Reputation: 167
I need to read in a JSON file into pandas df. JSON data looks like this:
{"f0_":{"id":"138307057680","ActionName":"Complete","Time":"2020-04-23-12:40:04"}}
{"f0_":{"id":"138313115245","ActionName":"Midpoint","Time":"2020-06-16-20:41:16"}}
I need to get rid of the first key that holds all columns in it. I tried:
import json
import pandas as pd
from pandas.io.json import json_normalize
data_pd = pd.read_json('db/my_file.json', lines=True)

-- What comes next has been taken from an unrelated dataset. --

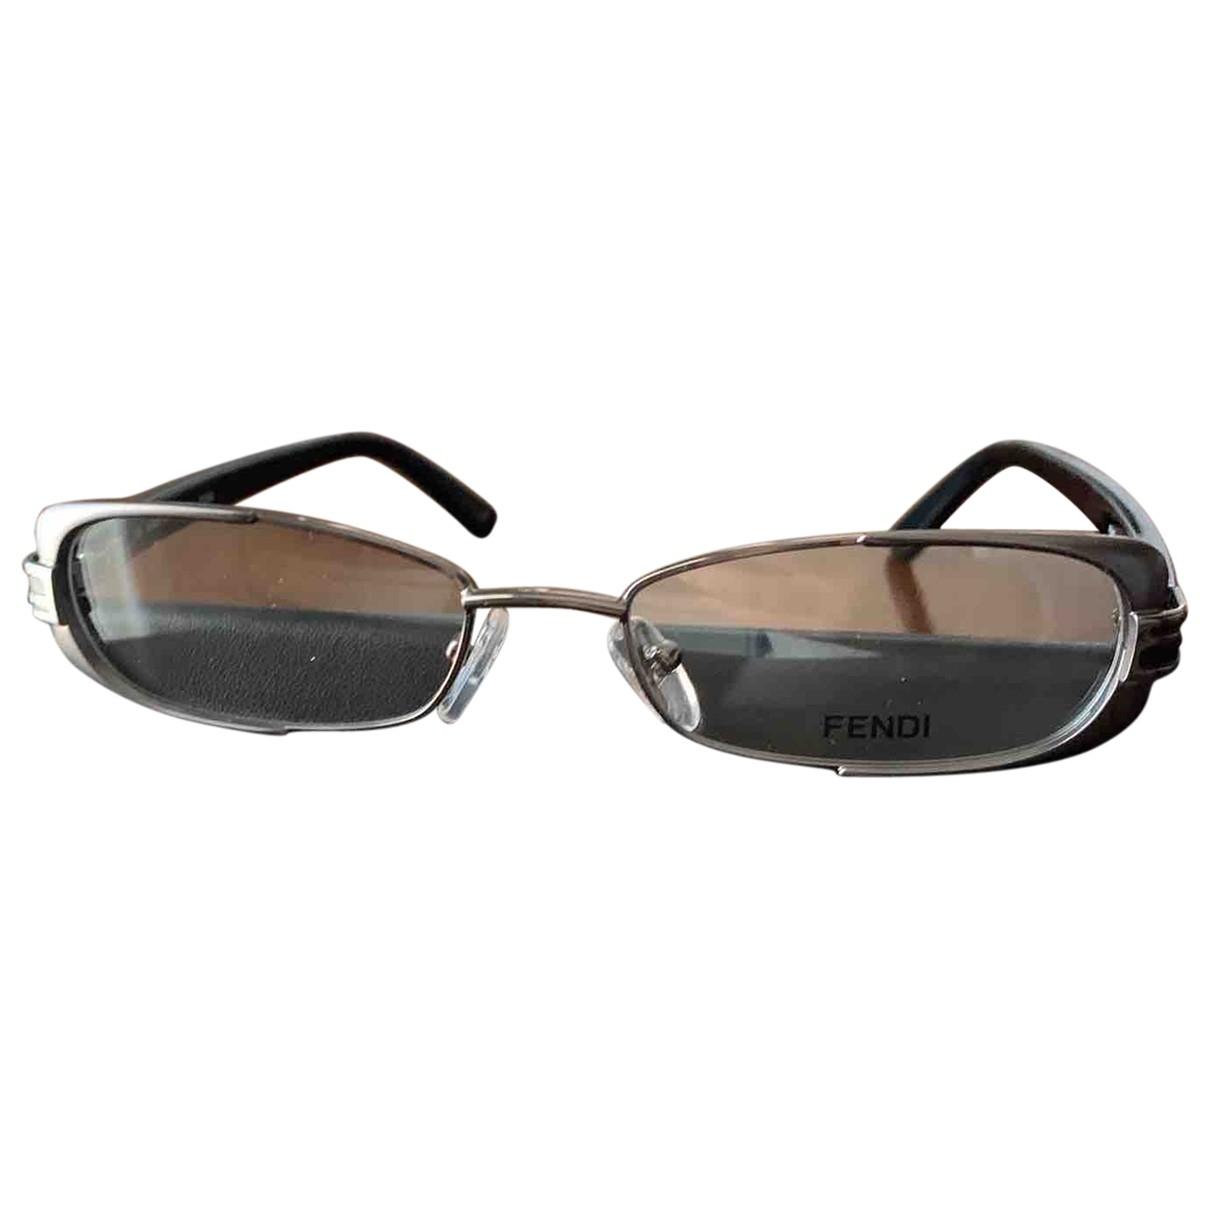 Fendi \N Sonnenbrillen in  Silber Kunststoff

new_data = json_normalize(data_pd)
The error message is: AttributeError: 'str' object has no attribute 'values'
The desired output is:
id ActionName Time
138307057680 Complete 2020-04-23-12:40:04
138313115245 Midpoint 2020-06-16-20:41:16
Currently if I print out data_pd
, the output is:
Upvotes: 1
Views: 55
Reputation: 9267
You can clean the data passed to Pandas
before generating your dataframe like this example:
import json
import pandas as pd
def gen_data(file_path):
with open(file_path) as f:
for line in f.readlines():
if line:
line = json.loads(line)
for value in line.values():
yield value
df = pd.DataFrame(gen_data('db/my_file.json'))
print(df)
Output:
id ActionName Time
0 138307057680 Complete 2020-04-23-12:40:04
1 138313115245 Midpoint 2020-06-16-20:41:16
Bonus:
A bit of speed comparaison (I'm using an i7):
If you Clean your data first then generate your DF:
>> %timeit pd.DataFrame(gen_data('db/my_file.json'))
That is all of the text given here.